Lucy and Desi are still with us in ads

If there is one thing more impressive than the popularity of I Love Lucy—which ran for 179 episodes between 1951 and 1957—it is the popularity that endures long after the show ended. Actually, the inimitable sitcom never really did end. CBS threw the series into reruns starting in 1958, and the show wound up airing in 77 countries and 22 languages. (It still runs today, on the Hallmark channel.) Just in case you might have missed it, the show riffed off the fairy-tale marriage of real-life stars Lucille Ball and Desi Arnaz, who not only created one of the most enduring situation comedies in television history but also have done a fine job themselves of enduring. Sixty-one years after the Hollywood glamour couple appeared in this 1952 ad for Philip Morris, Ball and Arnaz appeared in a 2013 ad for Wells Fargo—no mean feat considering they have been dead for 24 and 26 years, respectively.

Of course, in Hollywood, nobody ever dies—especially when brand marketers have the checkbook out. Marilyn Monroe recently popped up on the label for Three Olives’ strawberry vodka, while Elvis is shilling for Radio Ipanema. And then, there’s Lucy and Desi. While the couple is by no means near the top spot in the $2 billion world of dead-celebrity endorsers, they do occupy a unique position: a timeless kiss of Americana that works magic for most any brand—be it cigarettes or banking.
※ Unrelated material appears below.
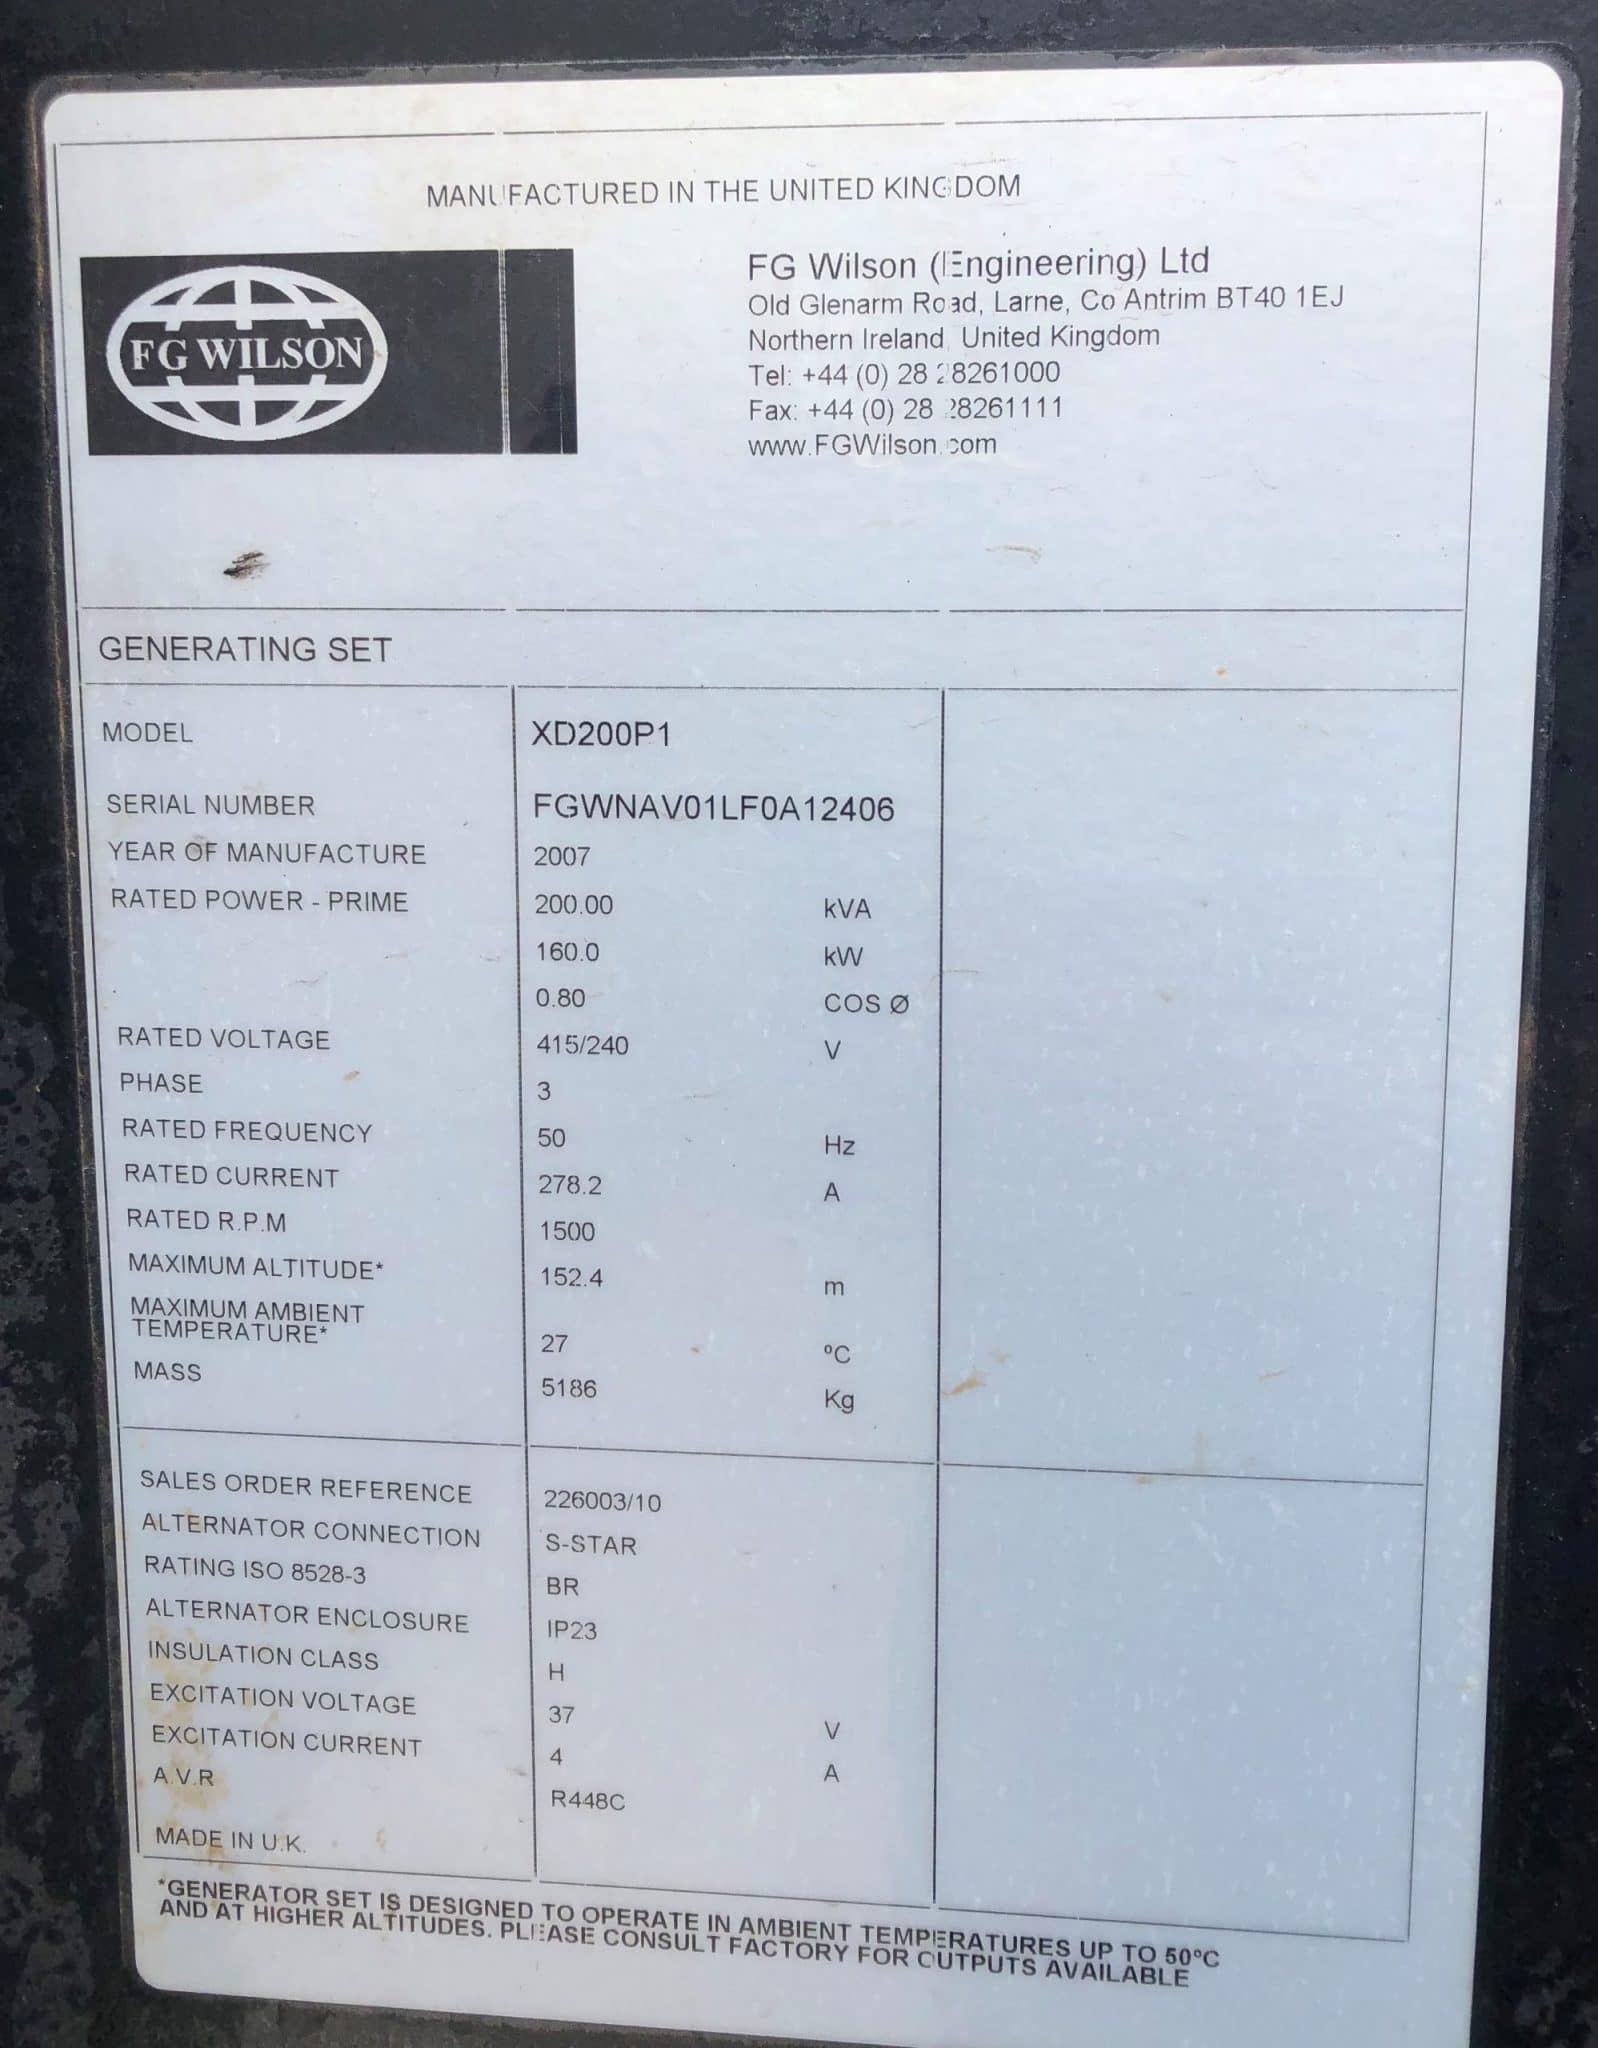 200 Kva FG Wilson Perkins/Leroy Acoustic (Rental Specs) Generator for sale details

“These two, in particular, were such a factor in our families. They were in our homes every Monday night,” said Lisa Soboslai, senior director of GreenLight Rights, which manages the likenesses of many notable Americans no longer with us, including Johnny Cash and Thomas Edison. Soboslai, whose business is to match famous faces with brands, explains why Lucy and Desi are among the most abiding. “They’re a couple people associate with trust,” she said. “They’re part of the family, my next-door neighbors, and if they tell me something’s OK, then it must be. That’s why they work with such different product endorsements.”

Soboslai has a point—even though, according to most accounts, trust wasn’t a cornerstone of the real-life marriage of Lucy and Desi. Of course, in the ’50s, nobody talked about Arnaz’s boozing and whoring, and Ball—savvy enough to recognize her husband’s business brilliance—kept up the façade. Back then, the money for I Love Lucy came from the show’s sponsor, Philip Morris tobacco, which explains why the couple pitched the brand. Ultimately, Arnaz’s deal with CBS to keep the show’s old spools for this idea he called a “rerun” would generate the real millions.

Today, the couple lives on in sepia-toned eternity, looking no worse for the wear as they put their smiling imprimatur on the not-so-exciting world of financial services for Wells Fargo. But to the right audience, Soboslai said, the fit is just fine. “It works because of the target demographic—folks saving for retirement,” she pointed out. Boomers looking at this ad today likely remember tuning in to Ball and Arnaz on the small screen back in the ’50s—back when everything, even smoking, was funny when Lucy did it.